Where did we get 32?
I correctly understood that 10 is a product of 2 and 5 which in turn forms the desired number 32?
Where did we get 32?
I correctly understood that 10 is a product of 2 and 5 which in turn forms the desired number 32?
On
$32$ is as stated in the solution of your problem the number of possible outcomes of this game. To count them all you could draw a tree, each layer of the tree representing the possible result from the flip of a coin and all the leaves representing the final 32 possible outcomes (of the type (hhhhh, hhhht, hhhth, hhhtt, etc.)
$10$ represents the number of way you have, out of those 32 possible outcomes, to get 3 heads (and winning therefore 30$)
Dividing the latter by the former gives you the probability you want to compute.

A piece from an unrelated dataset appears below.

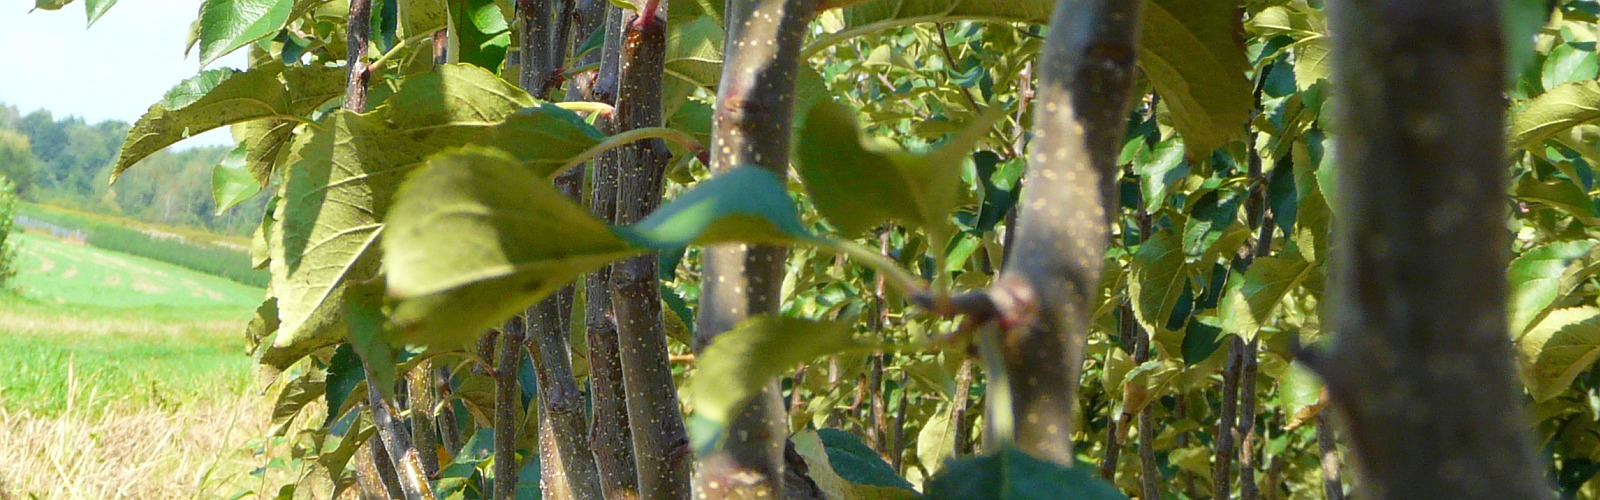 Óvoda gyümölcsfák almafák körte szilva fák Lengyelország

You have 32 possible sequences of outcomes, because you have two values per coin (head vs tail) and 5 independent throws, so $2 \times 2 \times 2 \times 2 \times 2 = 32$ many outcomes in total by the product counting rule. Every coin flip doubles the number of outcomes.
There are $\binom{5}{3}=\frac{120}{6 \times 2}=10$ places where three heads can be thrown vs the two tails. So $10$ of the sequences (HHHTT, HHTHT, HHTTH, HTHHT, etc.) give you $\$30$ payout. So the probability is $\frac{10}{32}=\frac{5}{16}$, a little under a half.